Riccardo is from Verona, a lovely city in the North-East of Italy. He has lived in the Netherlands for a few years now, but is still really devoted to his country of birth. When we ask him what he loves most about Italy, he answers poetically: “Italy is definitely one of those countries with the most different landscapes. From seaside to mountains, you can find whatever you prefer. Italy is a puzzle with a lot of different pieces!” We asked him about the Italian eating and cooking habits, and how these differ from those in the Netherlands. Unfortunately, no cooking tips this time. Riccardo destroyed our illusion that all Italians can cook. He is the living example that we should not expect to get the cool stereotypical Italian dinner from everyone. However, he could tell us everything about the Italian eating culture and explains how the complicated Italian menu works.
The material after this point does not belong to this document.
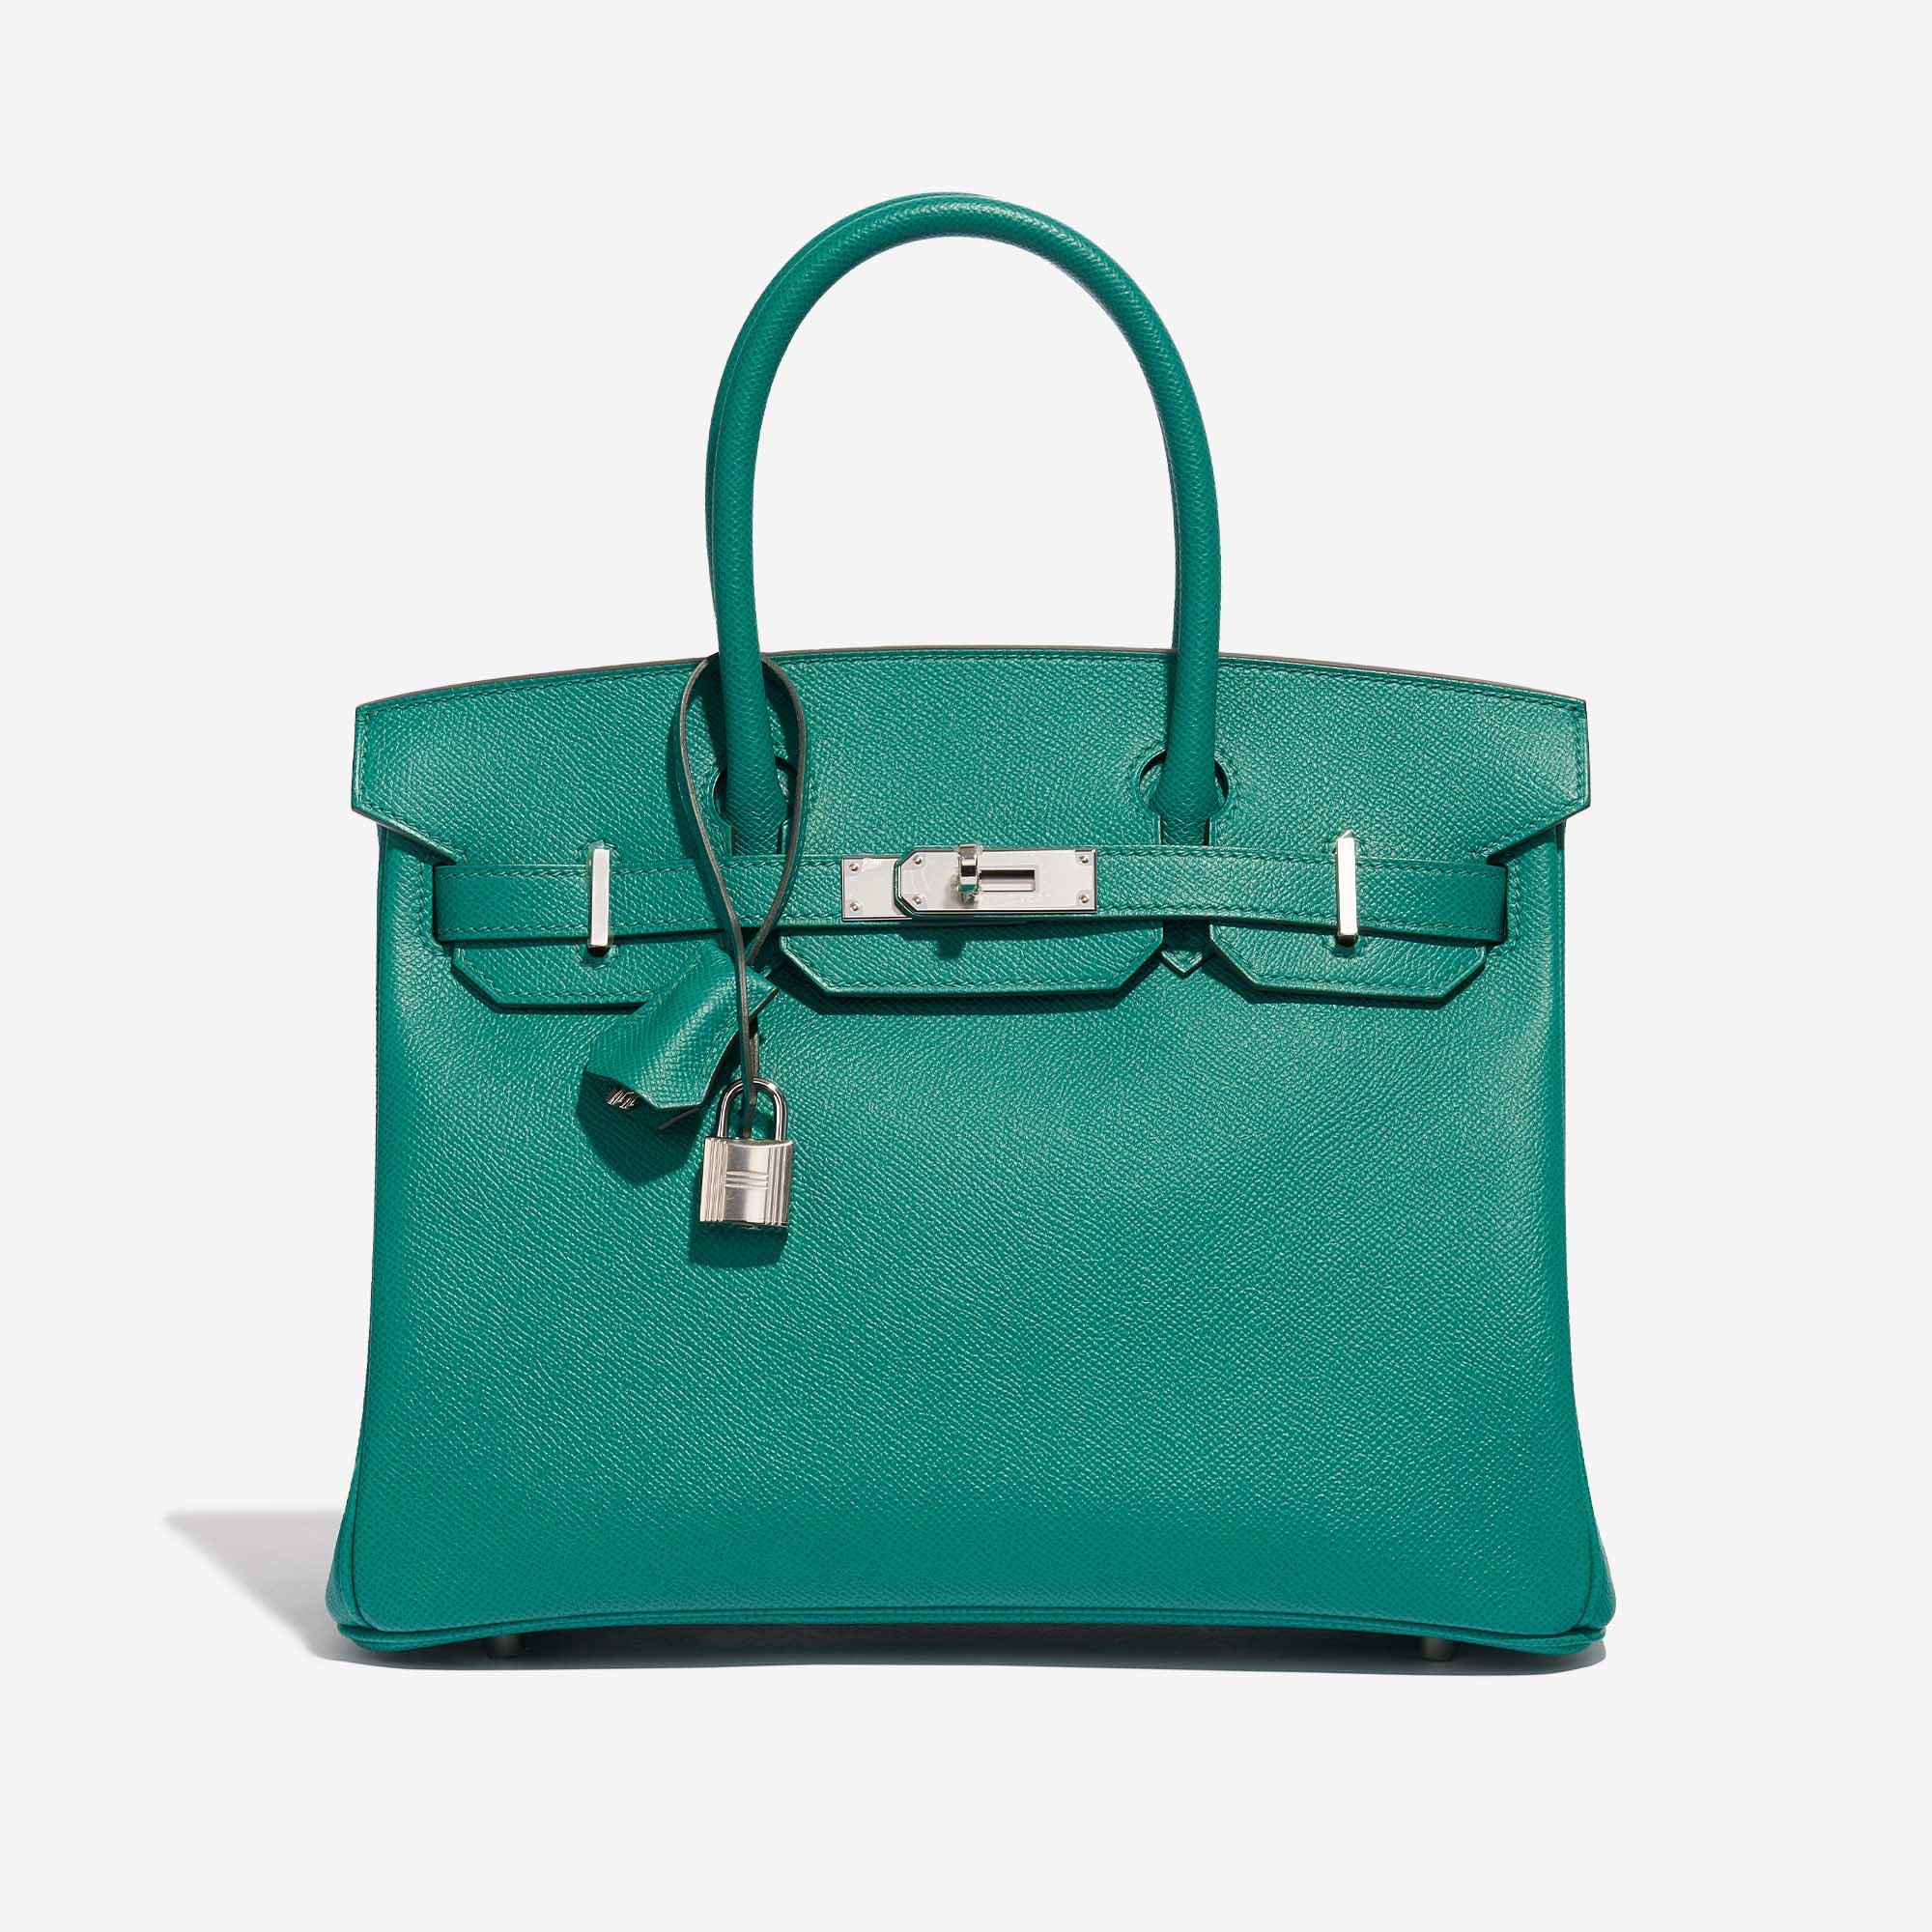 Pre-owned Hermès Tasche Birkin 30 Epsom Vert Jade Green Front | Verkaufen Sie Ihre Designer-Tasche auf Saclab.com

The Italian food culture is rooted in a long-lasting tradition that is passed along from generation to generation. Usually, every typical dish has a story that tells how the dish has been created out of some circumstances, Riccardo explains. He thinks that this is because of the foundation of the concept ‘food’."In Italy, food is not just about the food itself, but about the entire experience." However, the eating culture differs between different regions in Italy. Riccardo told us that “every region and even every city is different and so are the typical dishes. I am sure It would take ages to try out all the typical dishes that we have in the whole country. It is amazing to see how tastes and ingredients change depending on the region, type of climate, culture and habits.”
"In Italy, food is not just about the food itself, but about the entire experience."
We asked Riccardo about the differences between the eating habits in the Netherlands compared to Italy. He mentioned the three differences that are most striking to him. First, there is the timing. Similar to other southern European countries, the overall schedule of the two main meals is shifted later in the day, having lunch at 13:00 and dinner at 20:00. However, this varies between North and South Italy, as Southern Italian people usually eat at even later times. Furthermore, obviously, the type of food is completely different. When we asked Riccardo if there is something of the Dutch cuisine Italians can learn from, he replies, laughing: “Here we are touching my sense of Italian pride! Let’s say that there is always something to learn from everyone, so I would say yes. At the same time, I haven’t tried that much of the Dutch cuisine, so who knows!” The last difference he noticed while living in the Netherlands is the fact that Dutch people often eat salty food for breakfast, whereas this habit is almost nonexistent in Italy. Sweet breakfast is definitely the status quo.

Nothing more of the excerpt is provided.